S3 less Audi more Amazon

When I hear S3, I still think of the Audi S and RS models, those high performance variants and Audi’s versions of the BMW’s M series. I’ve got to admit, there is something a bit more special about a BMW M5 compared to an RS6, but I’ve never driven either to confirm that (any comments from folks that have indeed driven both). However, I’m probably in the minority, these days say S3, and most people will probably immediately think of S3 on Amazon Web Services. 

 

What exactly is AWS S3? It’s basically storage in the cloud, which you can make accessible from anywhere on the web, and managed by AWS. You don’t think to worry about scaling your storage or backing up, AWS can do that all for you. Throw whatever data at it, and it sticks! Data is stored in S3 buckets which are similar to the concept of a folder on a local disk. Other cloud providers have their own equivalents with Google Cloud Storage (GCS) and Azure Blob. Like with most things on AWS (or indeed any cloud provider), it’s probably not surprising that S3 is not the only storage service available. You’ll find a full list of AWS storage products https://aws.amazon.com/products/storage/, which are at different price levels and performance too.
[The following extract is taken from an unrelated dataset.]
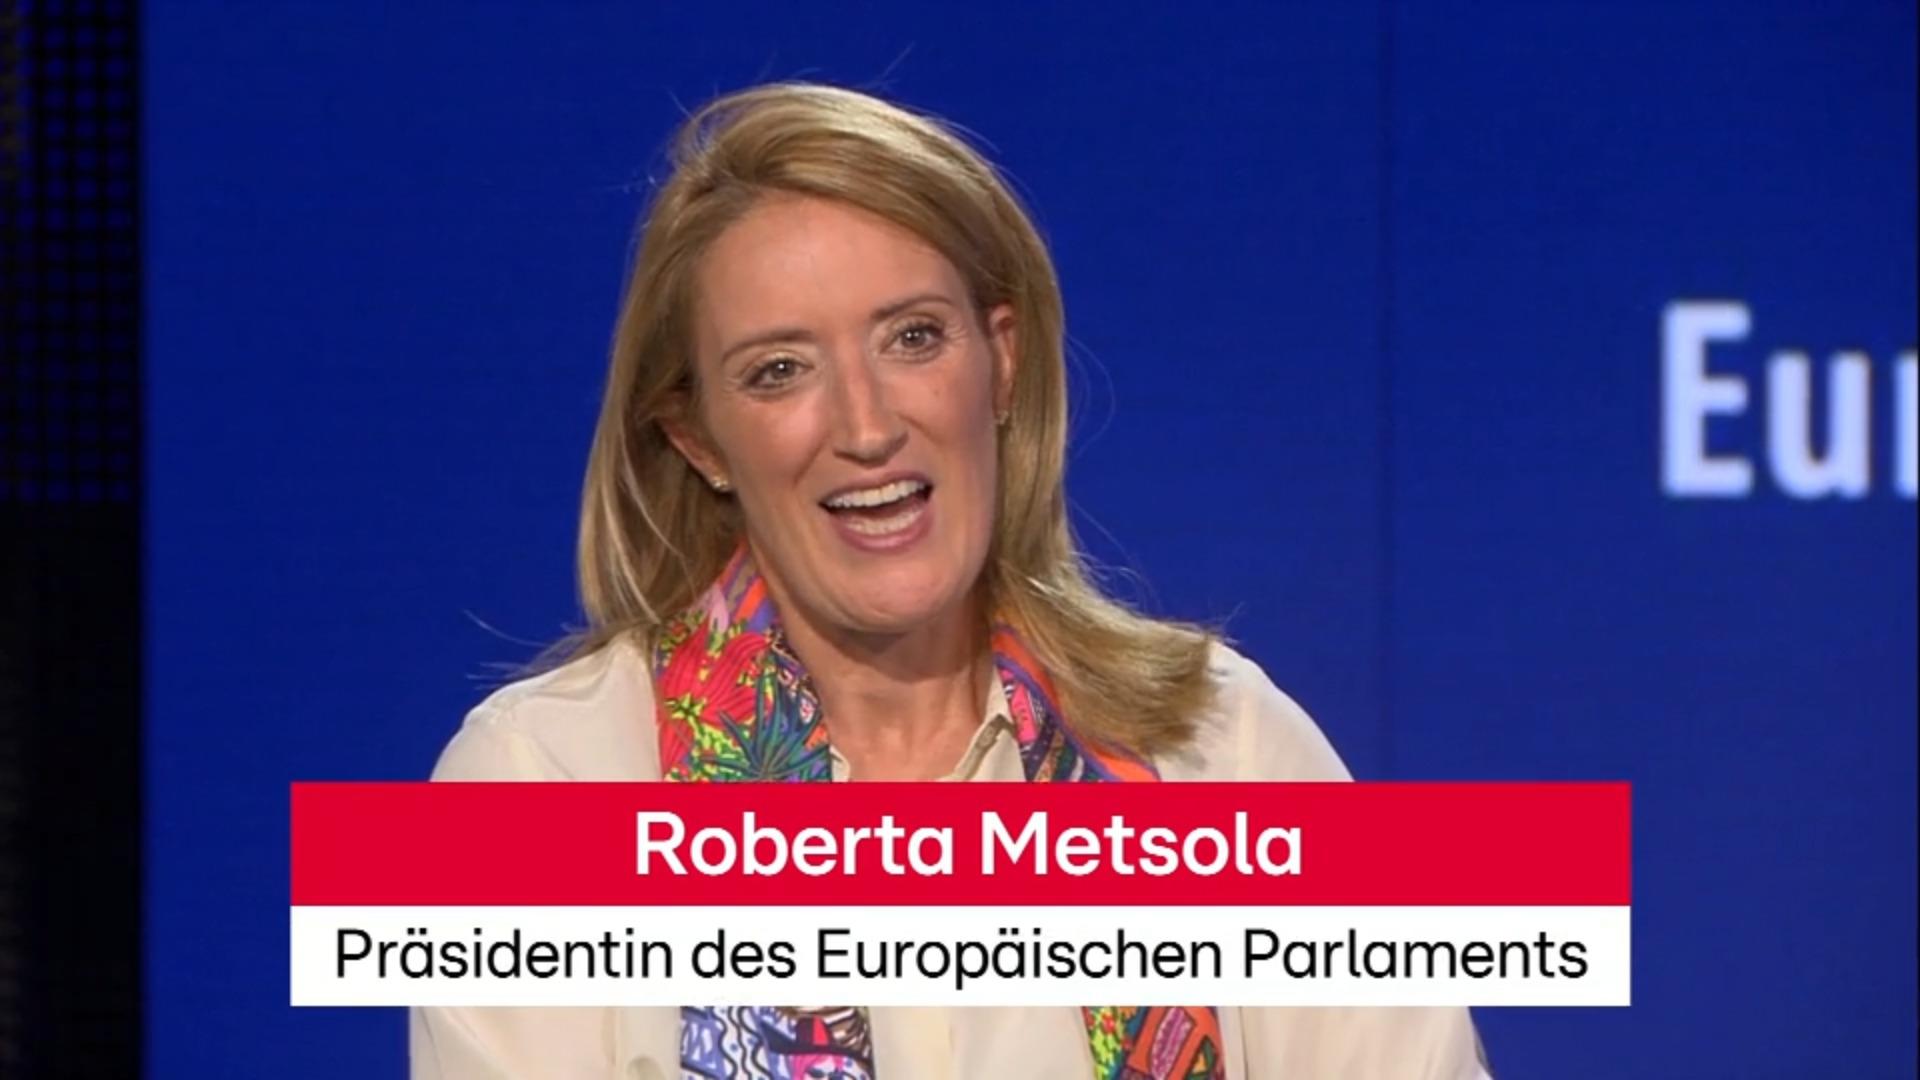 "Letzte Generation von Politikern, die etwas tun können" Interview mit Roberta Metsola

It is important to use the right services for storage which have the right performance cost balance for your specific use cases. This will depend on what performance/latency is required as well as how frequency it will be accessed.

 

The cost of S3 depends upon factors like:

  • how much data you store?
  • which service you use (are you using S3 Standard Storage for example, or S3 Infrequent Access Storage)?
  • how many requests you make for the data (PUT/GET etc.)?
  • which region is it in?
  • how much data you transfer from S3 out to the internet?

 

An article on cloudhealthtech.com goes through the various ins and outs of the pricing at  which I found quite useful. They note that the storage cost for Standard S3 (Nov 2020) is around 0.021 to 0.026 USD per month per GB. So for 1 TB that’s around 21-26 USD per month, roughly under 300 USD per year. This excludes any of the various request costs for example, which you need to take into account. The actual cost of a hardware is a lot cheaper (a quick browse of 1 TB drives online, suggested a cost of around 50 USD), but if we manage our own hardware, we need to take into time cost of managing it, including stuff like backup, convenience of access, replacing hard drives etc. The cost of losing data is likely to be significant if we choose to host our data locally and we haven’t got sufficient redundancy.

 

Is S3 easy to use? It is fairly easy to use once it is all setup, and you have all the right permissions. This will involve creating a bucket when you log in to AWS’s console. If you want to use it in Python, there’s a few steps you’ll want to go through so it’s accessible. In my findatapy library, I’ve made it relatively straightforward to download market data and store it to S3 as Parquet files, so that it’s as easy as accessing data from a local drive. As with any data process, you need to make sure that you following the data licences associated with data, when using and storing it, and in particular with how you give different users access permissions.

 

As you might expect, there is some latency associated with using S3 when accessing it locally, but I expect that the main use case is to use S3 whilst working within AWS itself and also in the same region. However, with findatapy, there is also handy feature to cache market data requests using Redis, which helps to speed it up, so if you make multiple requests for the same data it checks the Redis cache first. If you’re interested in precisely how to use findatapy together with S3 to store market data in a nice organised way with the ability to have ticker mappings, I’ve put together a Jupyter notebook on my finmarketpy GitHub, and I’ve given examples on storing Dukascopy tick data and Quandl market data. There are also some other Python libraries worth looking at if you are using AWS with Python such as AWS Data Wranger and also Smart Open.

 

There are obviously good reasons to store market data locally. However, for redundancy and usage on the cloud, tools like S3 are especially useful. It allows us to scale our data quite easily up and down, without having to worry about managing hard drives etc. Furthermore, it is possible to use S3 in a way very similar to the way you would access market data locally, using for example a tool like findatapy.